Переселенцы не видели этого, не хотели или не умели видеть,-- это
проходило мимо них так же, как прошли те века, когда они не были на родине.
Они не заметили, как увидел Александр Александрович Александров, что
афинский Акрополь есть ключ ко всей европейской дневной цивилизации, этот
белый, выжженный белым солнцем, единственнейший комок мрамора, ключ к
истории тысячелетий, где ныне сторожиха сушит после стирки красные
панталоны. Александр Александрович Александров балдел, сходил с ума, у него
набок съезжал галстух; на автомобиле он мчал в Айю-Софию, поминал, что в
этой церкви янычары в один день зарезали сорок тысяч греков (точно так же, в
скобках, как в шестнадцатом году двадцатого века неподалеку -- в Дарданеллах
были убиты и зарезаны те же тысячи людей, англичан, французов и турок, о чем
памятью остались выскочившие на берег английские дредноуты,-- точно так же,
как в тысяча девятьсот двадцать первом году Мустафа Кемаль-паша, обложив
тяжелой артиллерией Смирну, предложил грекам в двадцать четыре часа уйти из
Смирны, всем до одного, от солдата до новорожденного,-- и, когда греки не
успели уйти,-- сначала -- тяжелой артиллерией -- расколотил суда на рейде, а
потом разбил, разгромил, сжег город, скинув в море до двухсот тысяч греков,
солдат, женщин, стариков, детей,-- оставив на обгоревших улицах, в мраморе,
покой для сов, поселившихся там).
Александров понуро смотрел на те несметные кладбища, города смерти, что
на десятки верст могильных камней полегли вокруг развалин Стены Константина
в Византии,-- и весело поглядывал на могилы сорока султанских жен,
зарезанных султаном потому, что не знал, которая из них -- одна -- изменила
ему... В Эдикюлэ показывали колодезь крови, где турки рубили головы всем,
начиная с султана. -- --
По землям Анатолии прошли все народы. В пыли лежат развалины Сард,
Эфеса, Пергамы, Магнезии, Милета, Галикарнаса.

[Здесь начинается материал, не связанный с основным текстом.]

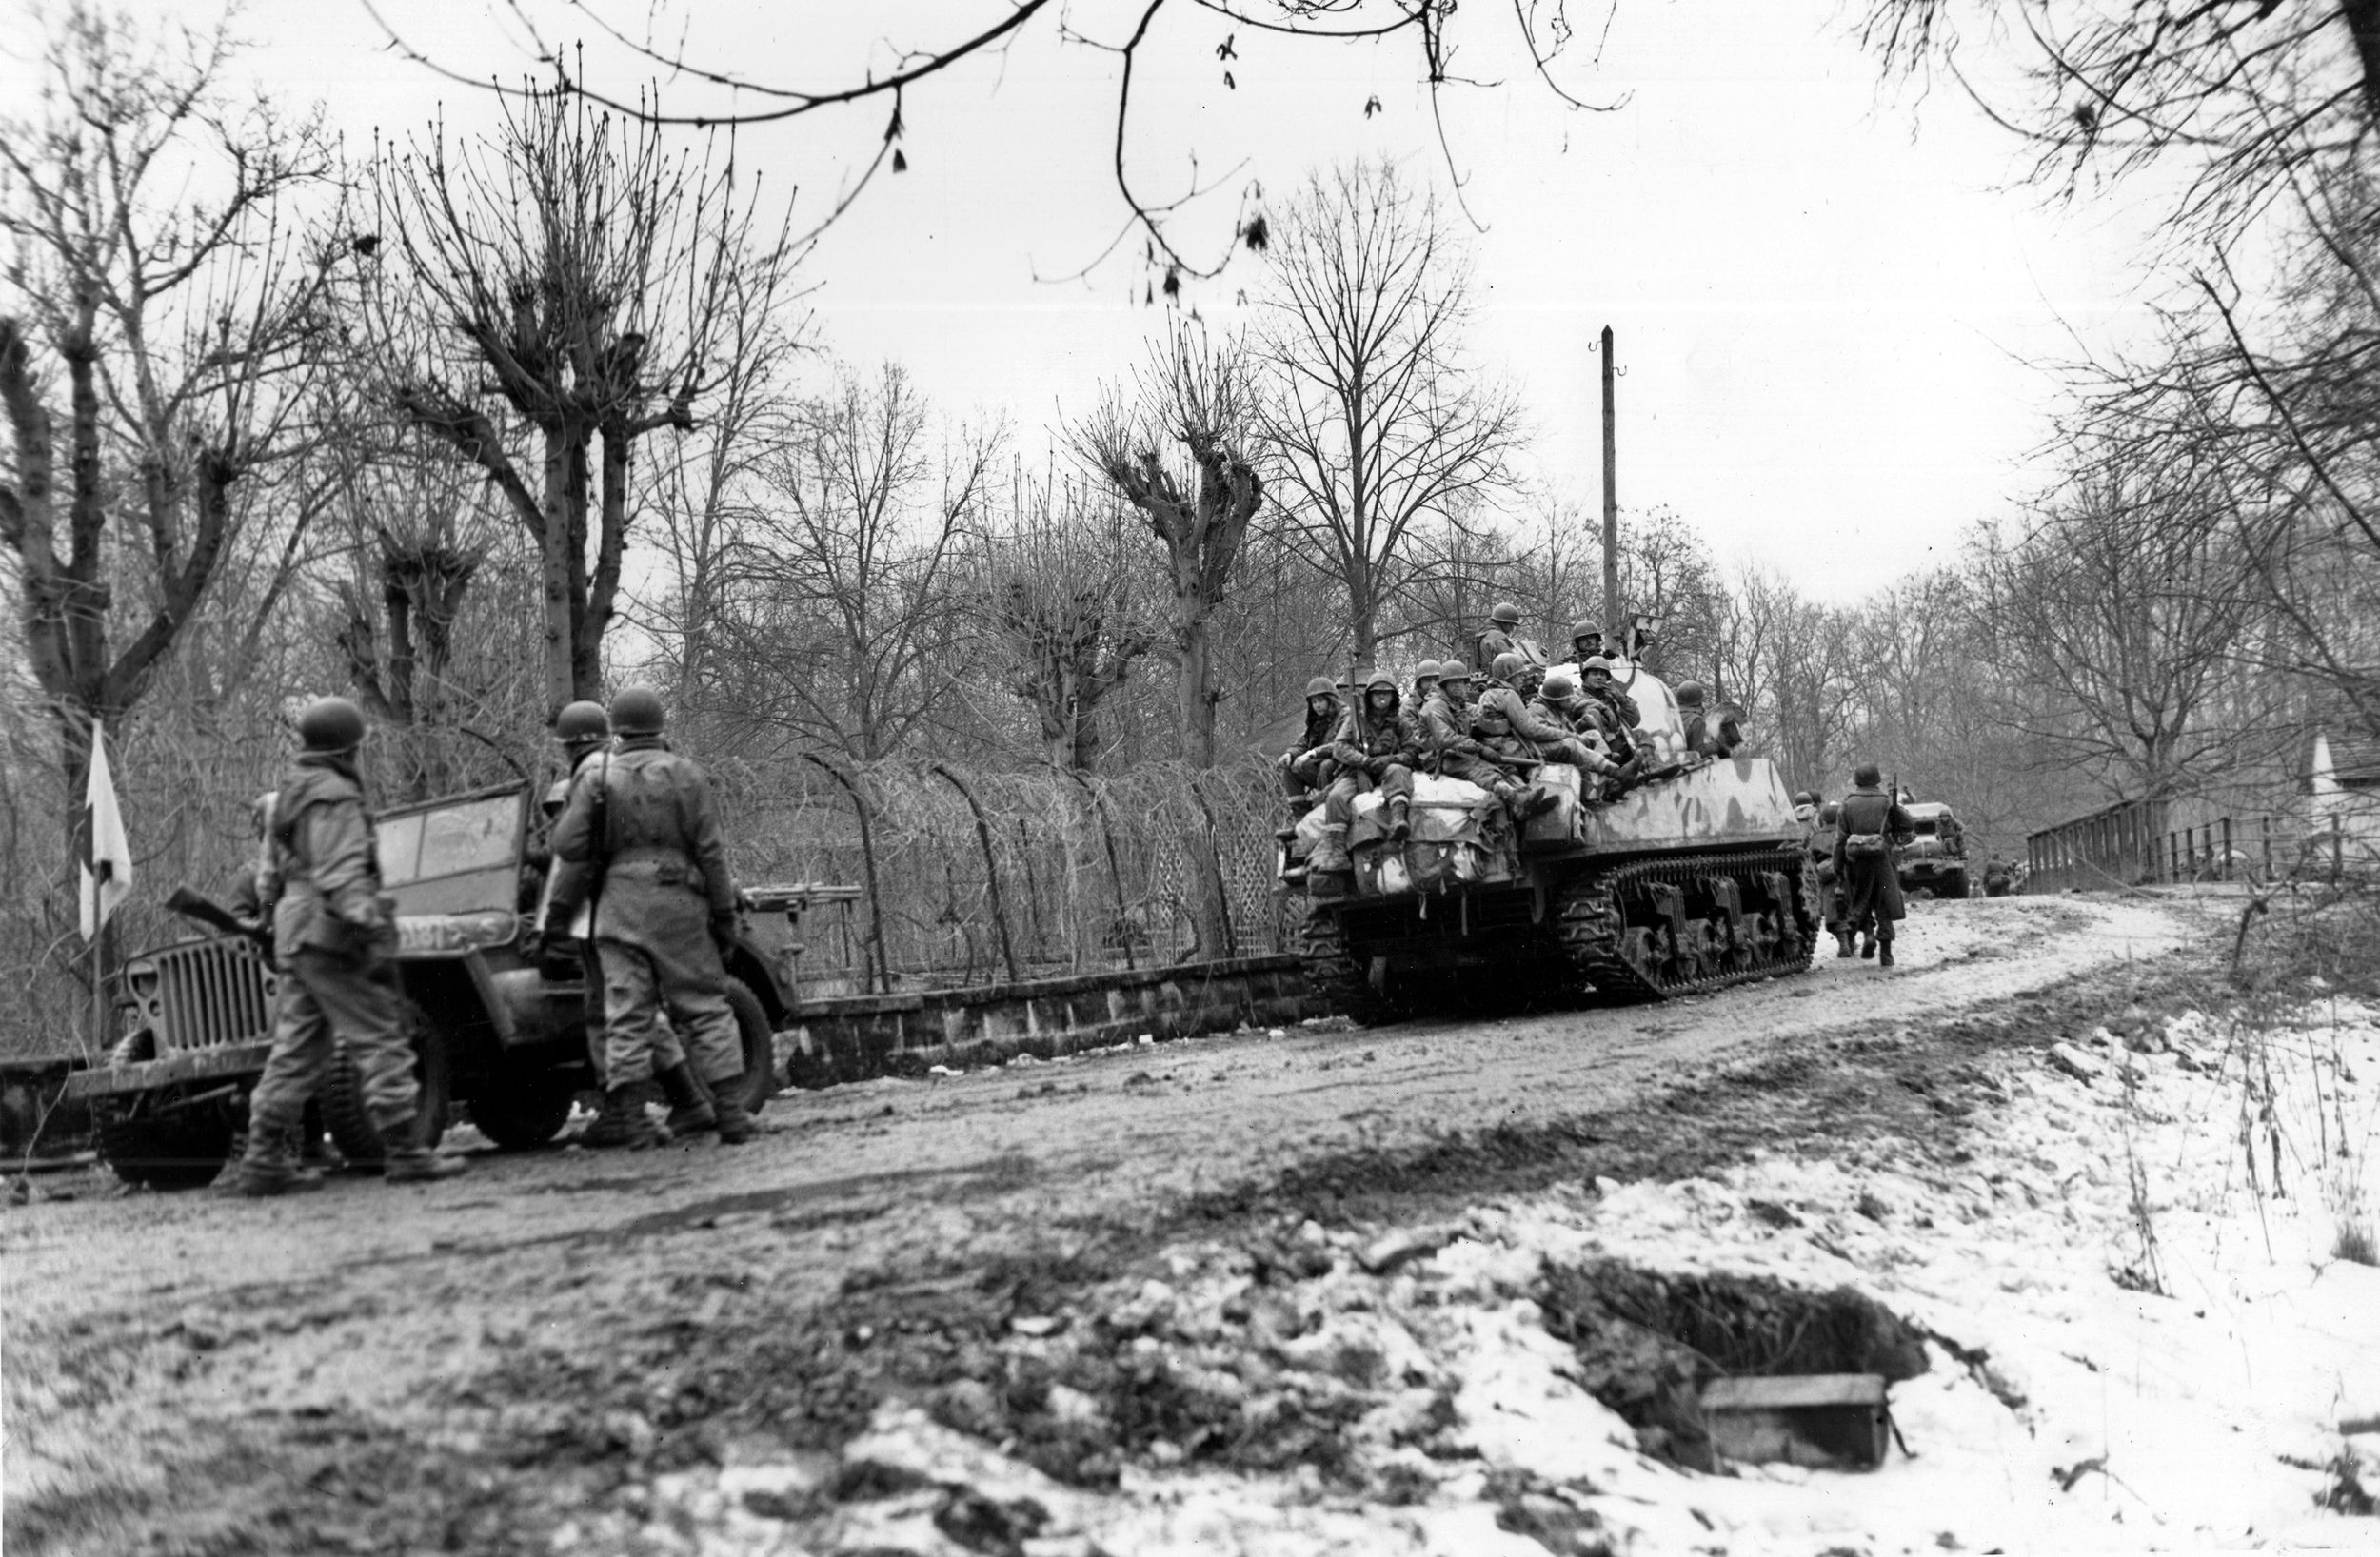 The U.S. XXI corps received reinforcements that included the U.S. 12th Armored Division, which pushed south in early February 1945 to cut off the retreating 
Germans and link up with the French I Corps advancing north

Смирнская провинция памятует
трехтысячелетье, легшее на нее пылью. Магнезия, куда мчал на скверном
автомобиле по скверному шоссе Александров, столица лидийских царей,
переименована в Магнезию из Танталиды, основанной Танталом,-- тем самым,
который, украв нектар, едово олимпийских богов, угощал им своих танталидских
гостей. И на Сипилском хребте, видном из Магнезии, видна женщиноподобная
скала Ниобеи, о которой сообщено Геродотом и воспето Овидием -- то
обстоятельство, что скала эта возникла из окаменевшей от горя Ниобеи. В
Галикарнасе родился Геродот,-- ныне там пыль и запустение, и несколько
турецких лачуг. В Эфесе, в ночь рождения Александра Македонского, Герострат
сжег храм Дианы-Артемиды,-- чтобы прославиться: и Александров задирал вверх
голову, чтобы посмотреть развалины храма. В самой же Смирне, в теперешних ее
развалинах, ютятся совы, но здесь, по преданию, родился и писал Гомер,-- и
здесь же до сих пор,-- ныне в развалинах, на мостовых, построенных
римлянами, по которым шли римские когорты,-- пляшут под арфы левантийские
танцовщицы, пляшут танец живота, застрявший из веков, и мажут себя перед
танцем из веков же застрявшей амброй. В Эгейском море, в Греческом
архипелаге каждый день из сини благословением выходило солнце и
благословением закатывалось, чтобы народить необыкновенную луну. Море --
синевой -- проносило судно мимо островов, где каждый остров -- история и
легенда. Ночами светила луна, и ночами на небо поднимались звезды, такие,
которых никогда не видно из Лондона, Берлина, Москвы,-- в полночь на
несколько минут на кварту из-за горизонта выходило таинственное созвездие и
сейчас же скрывалось за горизонтом. Ночью же судно прошло мимо Сенторинского
вулкана, мимо этой стихии земных недр, вулканом выбрасываемых в небо. Луна
меркла от вулканного красного света, было слышно, как дышит вулкан. Лицо
капитана, около которого стоял Александров, было зловеще в этом красном
мраке. Было очень величественно. Но на судне никто не видал этого.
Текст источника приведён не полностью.